An outing in public with twins is always an interesting ordeal. I mean the whole thing is an urban safari with all the miscellaneous gear and crap you have to take…..ridiculous! But the best part…is having fun with those who are the poor souls who do not have multiples and have deer in the headlights when they see you and they ask you these “Here’s your sign” questions:
My all time favorite and most asked
Q: Are they twins?
A: Nope. I thought the other one in the nursery was so cute I had to take it home.
Q: Oh…..a boy and a girl?
A: Nope, my other son felt like wearing a lot of pink today with that cute bow on his head.
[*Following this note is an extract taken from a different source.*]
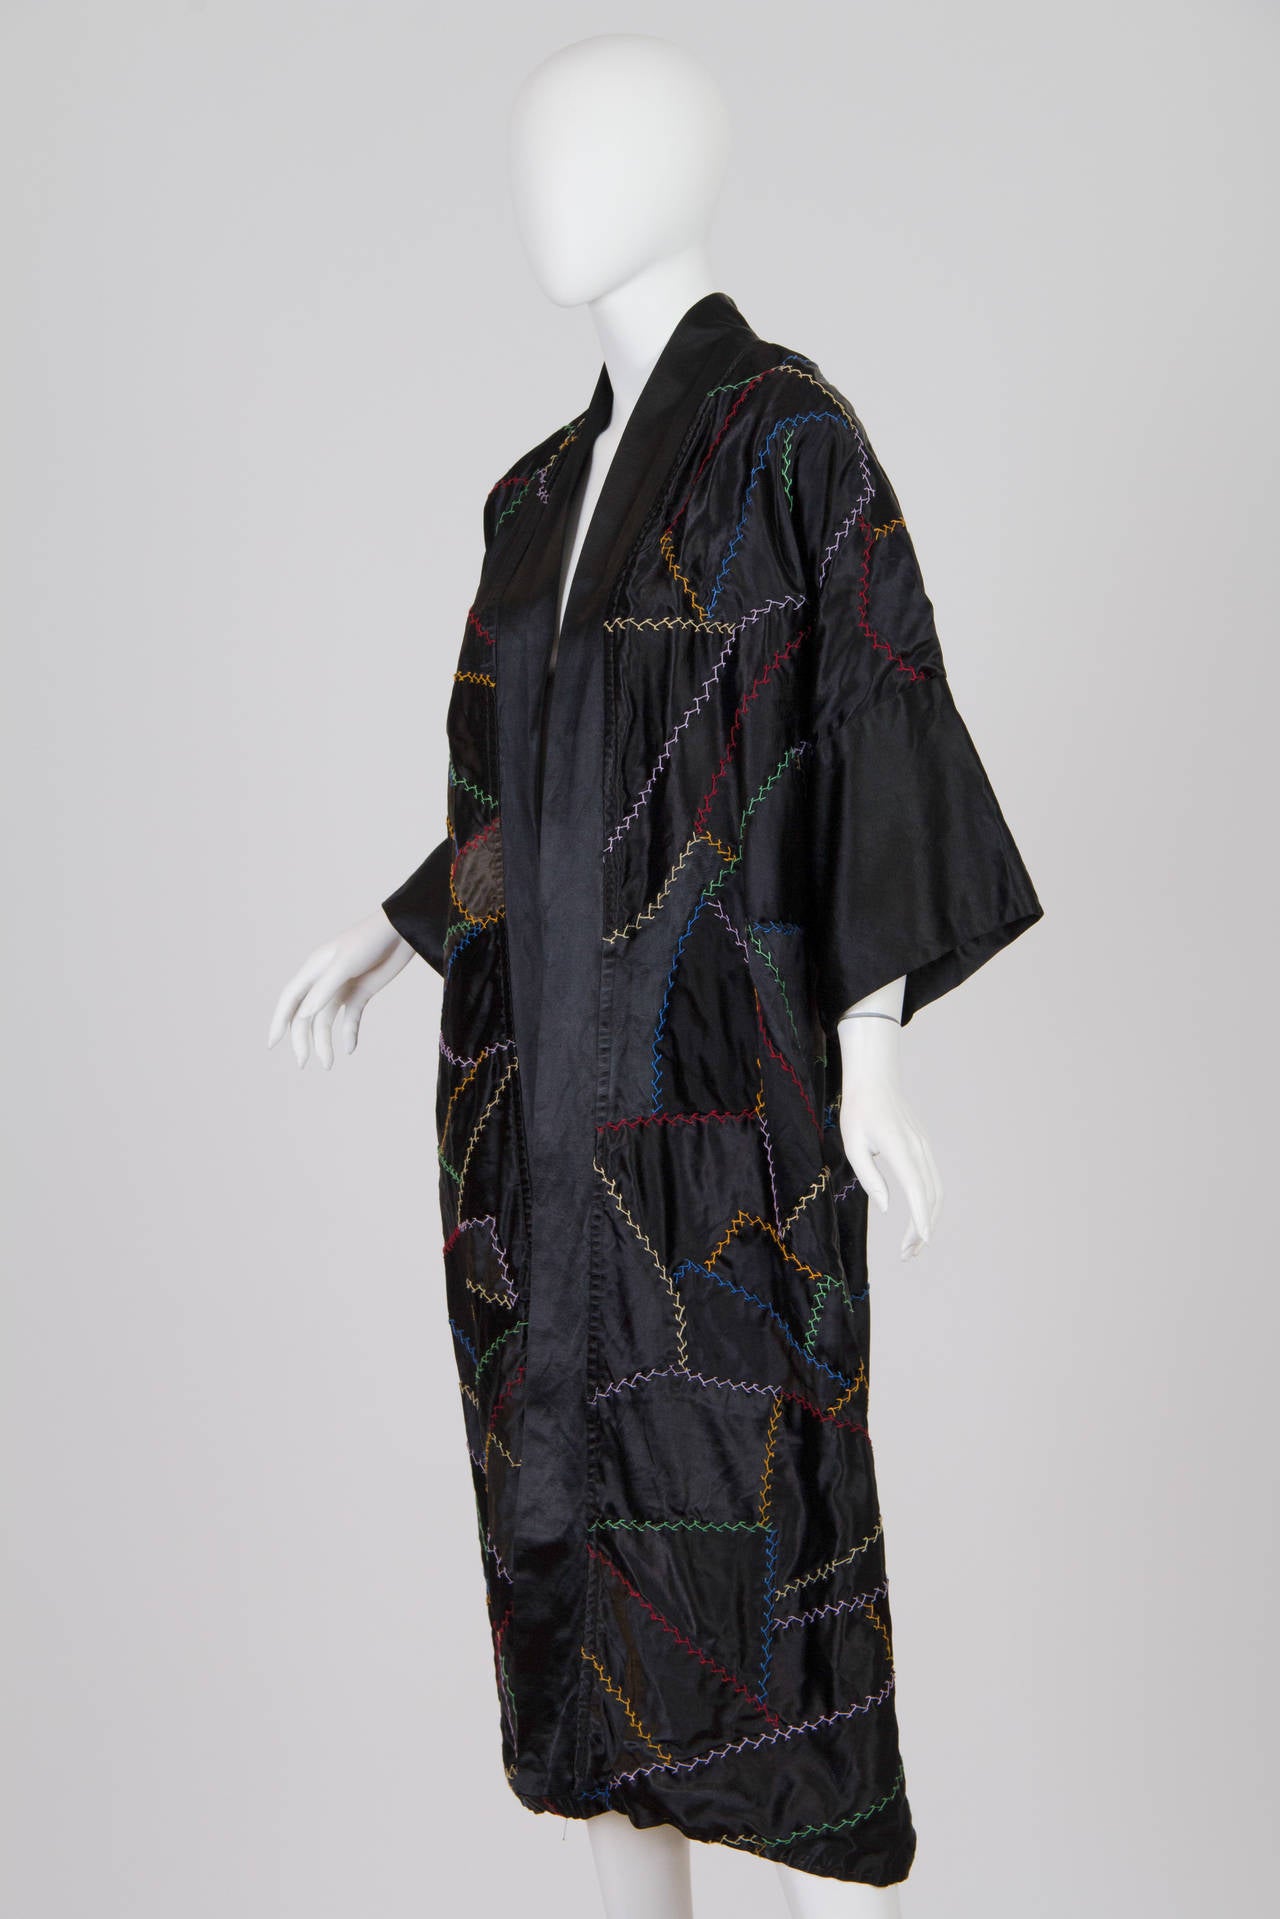 We have never seen a piece before from the 1920s in such phenomenal condition. The patchwork crazy quilt design may have been made of older textiles in its day but they are all in very strong and wearable condition. the lining is a fantastic strong

Q: Oh, you must have your hands full?
A: Nope…you see my entourage of help….I got it covered. (As I am looking aimlessly behind myself, like can you see that there is no one else around)
Q: Do twins run in your family?
A: Nope, hubby and I made the decision to go get a turkey baster and see how many we get.
(Yes they do….and Nun ya!)
Q: How far apart are they?
A: Um…like a minute? (WTF really?)
Q: Are they yours?
A: Nope I got them from the “Twins” outlet and thought I would stroll them around for the day and see how I liked them. (again….WTF?)
Q: Are you getting any sleep?
A: (crickets)
Q: Are they identical?
A: (crickets…do they not see the blue and pink?)
The best part about that question is that I had an “identical” twin ask me that…I about fell over.
Q: Can you tell the difference?
A: (I badly want to answer…between a moron and a smart person?) Yes
Q: Can you tell which one is crying?
A: Generally the one with their mouth open. I can tell the difference between each of their cries…that’s easy.
Q: Oh, you must be so busy?
A: Nope that is why I am running through here and you stopped my beeline…because I am soooo not busy.
Q: How do you do it?
A: (I answer honestly) I don’t know…I just do…you can’t stop and think about it.
Q: (The bold) Did you gain a lot of weight?
A: I smile, want to give the bird and walk away.
Q: Are these your first?
A: (As I am yelling at G to quit climbing on things and he responds telling me ‘No Momma’) I smile
Q: Are you done?
A: Um…yeah like two kids ago I was done.
Q: Are they good?
A: Dunno…haven’t thrown them on the grill yet. Oh you mean the kids……
Last but not least….my all all time high and favorite thing to say to me about twins and so not an original…………………………………………………………………………….
I’M SURE GLAD IT IS YOU AND NOT ME.
With that I want to say a big F*#% You and have a great day! I was told that if you don’t have anything nice to say…….don’t say anything at all.